Friday, 18 May 2018

European court desides on compensation for rent regulation

14 February 2017

Prague/Strasbourg, Feb 13 (CTK) - The European Court of Human Rights has ruled that the Czech Republic must pay 2.19 million crowns in total in compensation to three complainants who claim that the country violated their rights by rent regulation, CTK has learnt from the court's database.

The European court's verdicts on compensation for the Czech rent regulation have not taken effect yet, the Justice Ministry said.

The Civic Association of Housing Owners in the Czech Republic (OSMD) says the Czech courts approve a compensation that is about 90 percent lower than the sum calculated according to the Strasbourg court's methodology.

The European Court says the compensation must equal the difference between the market rent and the regulated rent from the period before the rent deregulation.

"The current court verdict has finally decided about an appropriate way of calculating the compensation for restricting the ownership rights in connection with a long-time rent regulation," the OSMD said in a press release.

The Czech courts' calculation was based on the rent set in the law on unilateral increase in rents for flats for 2007, the association says.

The European Court of Human Rights followed up the verdict from July 2014 in which it ruled that the rights of Czech landlords had been violated.

Apart from the property damage, the court also approved compensation of 162,000 crowns in total for other than proprietary loss for two complainants.
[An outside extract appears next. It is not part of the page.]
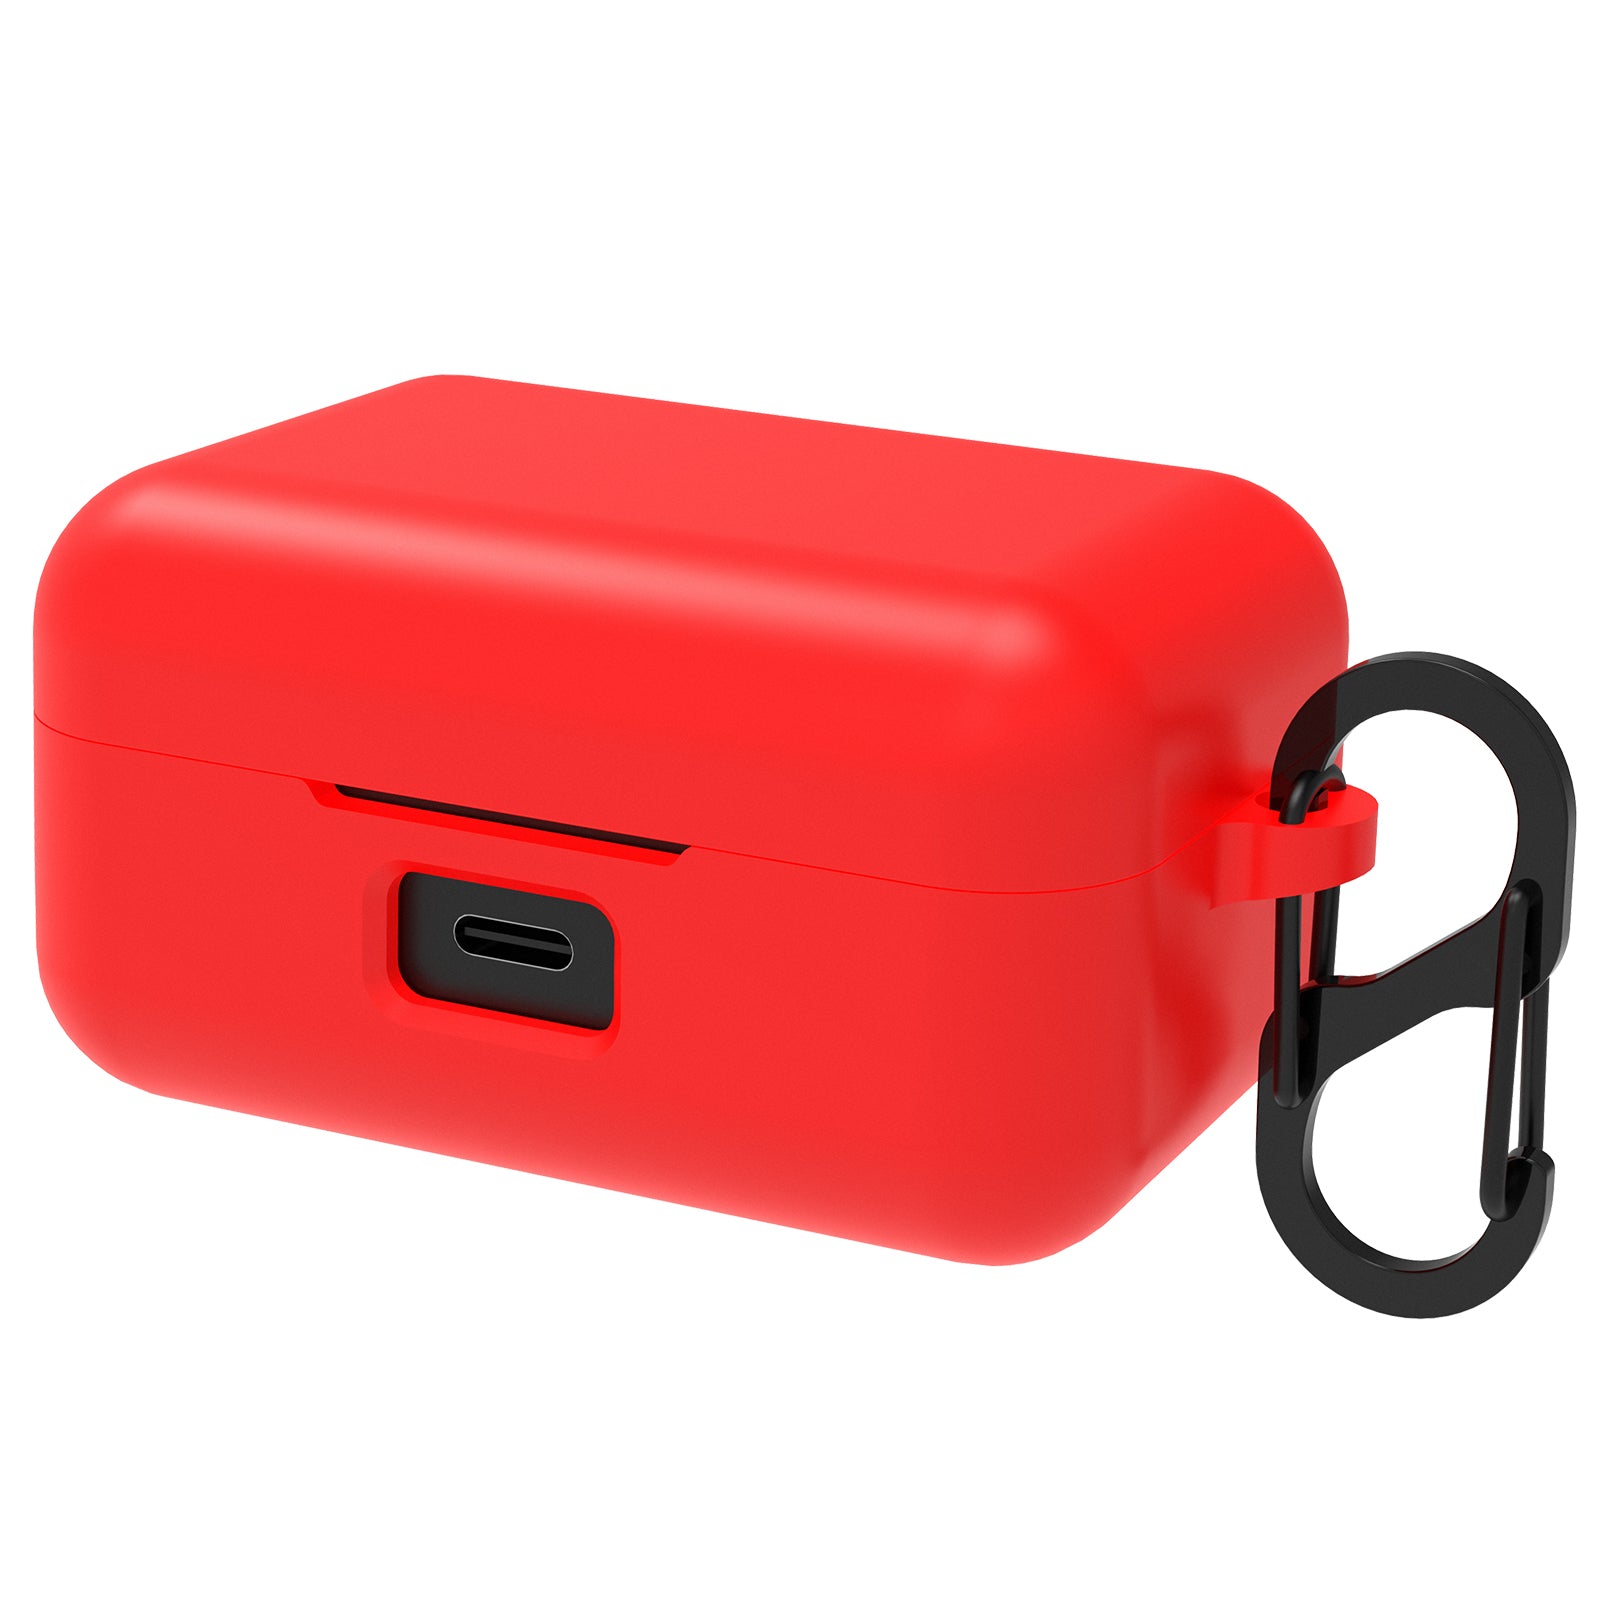 For Xiaomi Redmi Buds 5 Pro Silicone Case Bluetooth Headset Sleeve Earphone  Cover with Buckle - Red Wholesale

Besides, the Czech Republic should cover the court proceedings costs of 227,000 crowns.

About 5,000 Czech owners of flats and apartment houses filed a complaint in Strasbourg in 2005. They claimed that not even their minimum profit for the real estate maintenance was guaranteed due to the rent regulation.

They put their total damage at almost 50 billion crowns.

The OSMD later selected pilot cases for the European court to illustrate model situations.

The rent deregulation was launched in the Czech Republic in 2007 and ended in 2012. It applied to 700,000 households.